I say it is a battle because I've watched her fighting. It is tangible, physical. Some days it is an uphill struggle. Some days the attack defeats you. Some days the enemy retreats and there are breaks of peace.
As of late, I have noticed a shift in mom's attitude though, and as a direct result, I think her depression is improving. Things that would normally bother her, I see her shrugging off. Where negative comments once would have entered, she spouts something positive.
She said something so wise to me a few weeks ago at lunch that I've wanted to share.
"When my balloons are up, I'm not risking being around someone who will pop them!"
I'm not sure she realizes how profound this is but I'm so very proud of her.
My mom has loved Eeyore for as long as I can remember. Maybe it is because she could relate to his moods. There are times we have to 'kick her in the pants' and remind her she is being like her purple friend.
But I can't remember the last time I've had to give her a pep talk. Instead, I find her giving them to me!
You can't control when depression hits but you can control your attitude every day. You can control your outlook on life and how you face each obstacle. And that helps you battle this disease.
Choosing to protect your "balloons" keeps from letting others drag you down. If you know you're prone to sadness, don't be around negative Nancies. It just adds rain to the cloud.
Finding joy can be difficult when facing depression or great loss, but it is possible. The first step is choice. Choose to get up, put one foot in front of the other, and focus on the now. Choose to see the beauty in the day, despite the sadness that may be present. There is always something, even if a tiny sliver, that can bring you hope. And if you'll do this day by day, the joy becomes easier to find. Pretty soon, joy floods and cancels out darkness.
Imagine starting each morning with a balloon.
That balloon represents the good - the JOY - that you have. It could be watching a beautiful sunrise. Hearing birds chirping outside your window. Hugging a friend. Having two legs to get out of bed. A strong cup of coffee. You choose...
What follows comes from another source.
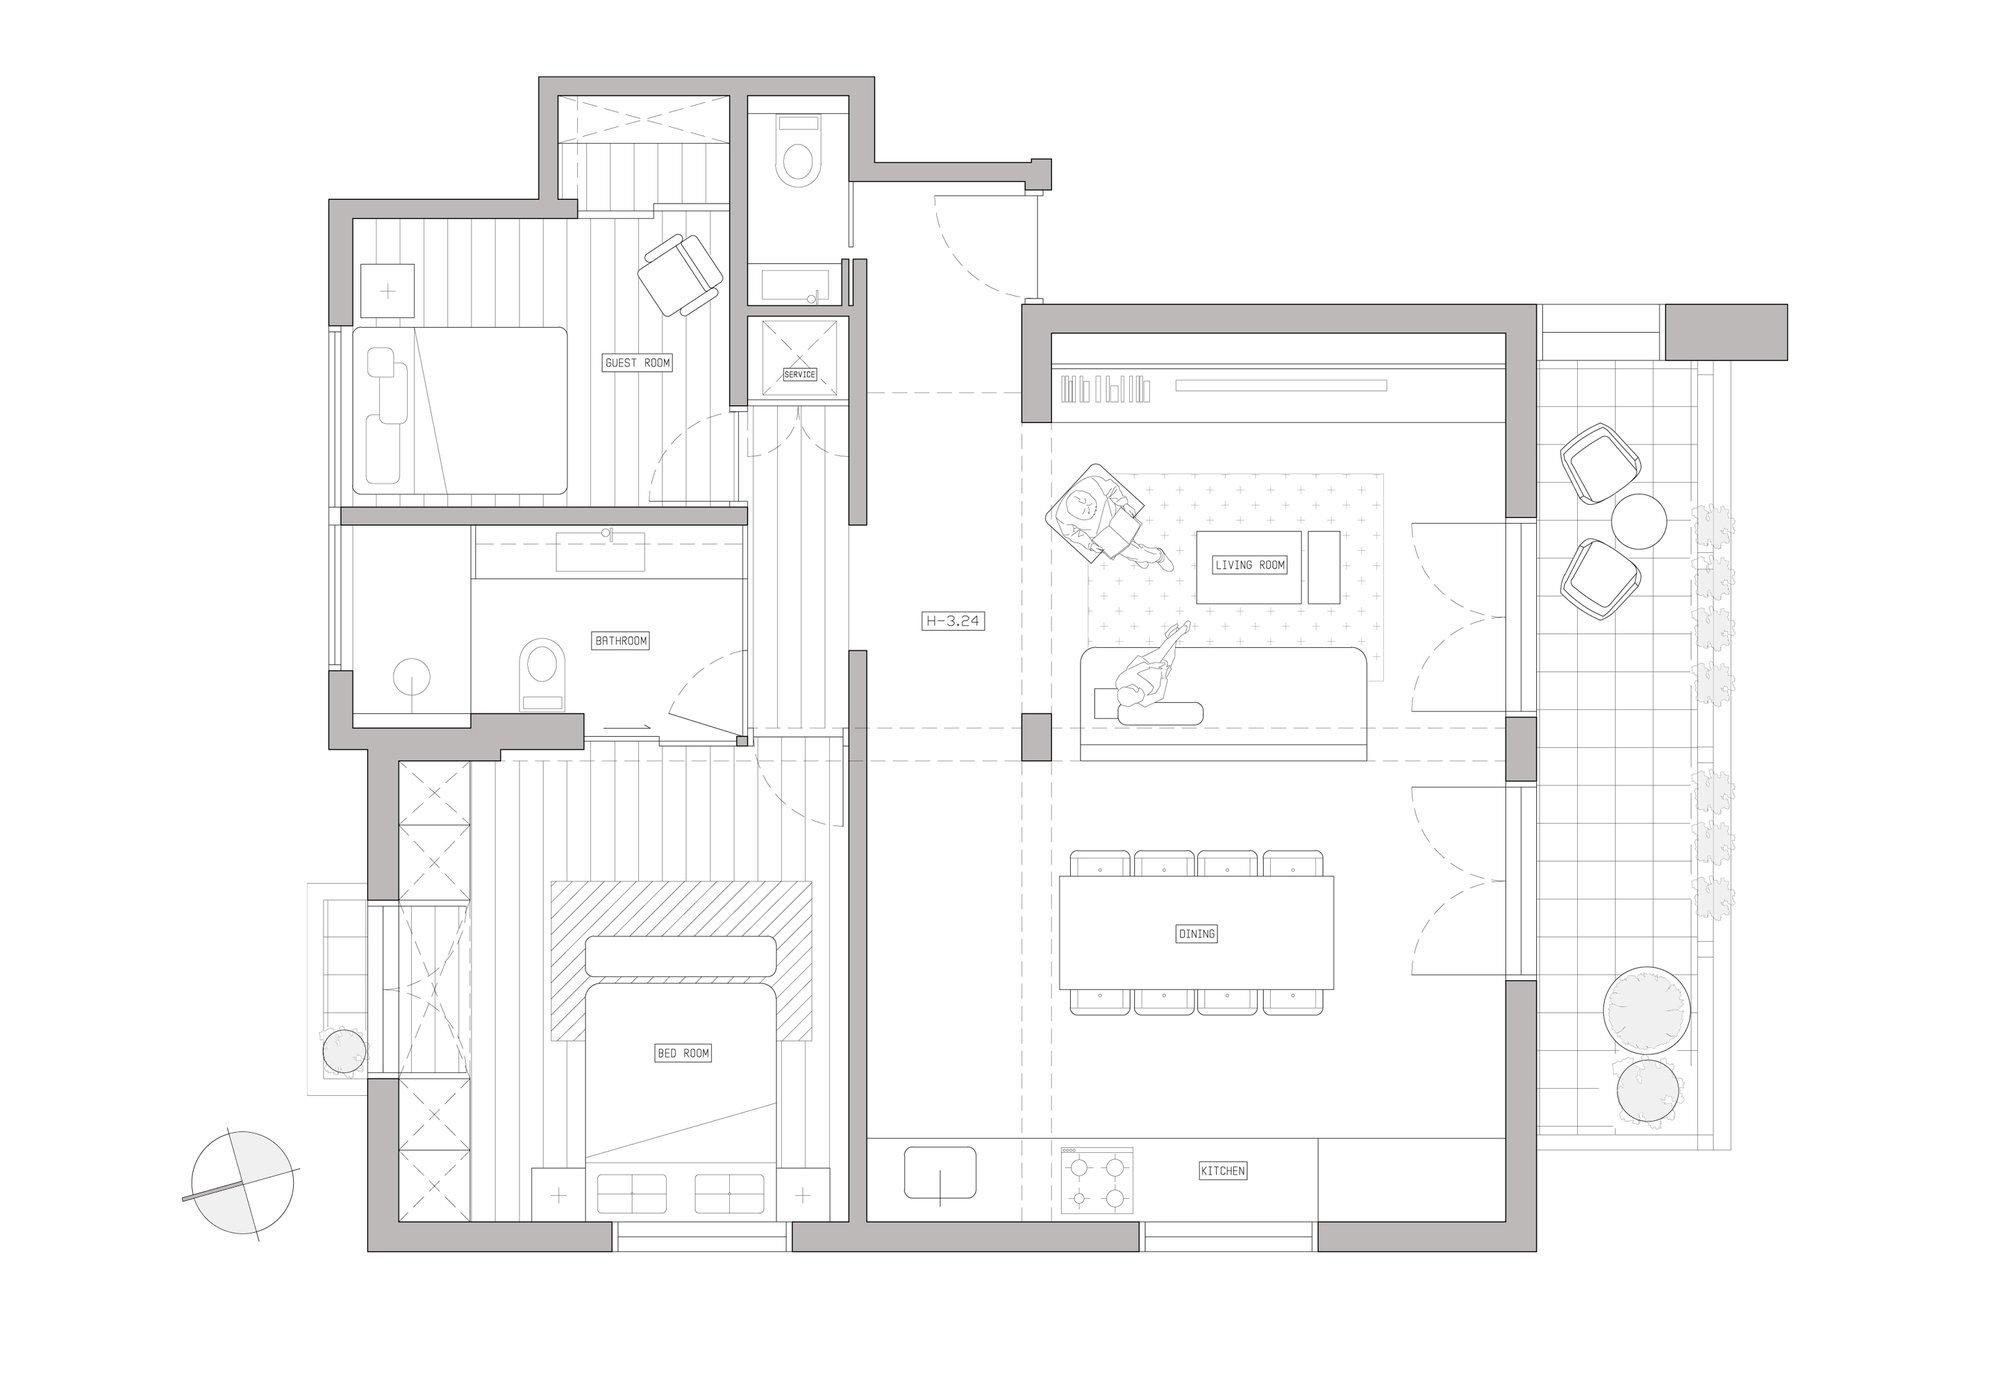 Raanan Stern\'s Bauhaus-Inspired 800 Square Foot Apartment

But visibly put that joy inside your balloon and let it float. Take it with you, wherever you go.
If you can find more than one joy, imagine more balloons.
Now, protect them.
If you see storm clouds brewing, stand strong.
If someone threatens to pop them, walk away.
Do whatever it takes to hold on to that balloon.
And then do it again tomorrow.
1 comments:
I found your blog by reading Still Standing Magazine. I followed your link in the bio about you over here. I love the way your mom thinks of depression with balloons. I worked with patients, many of whom does suffer from depression and anxiety, and I would love to use this analogy in order to help them.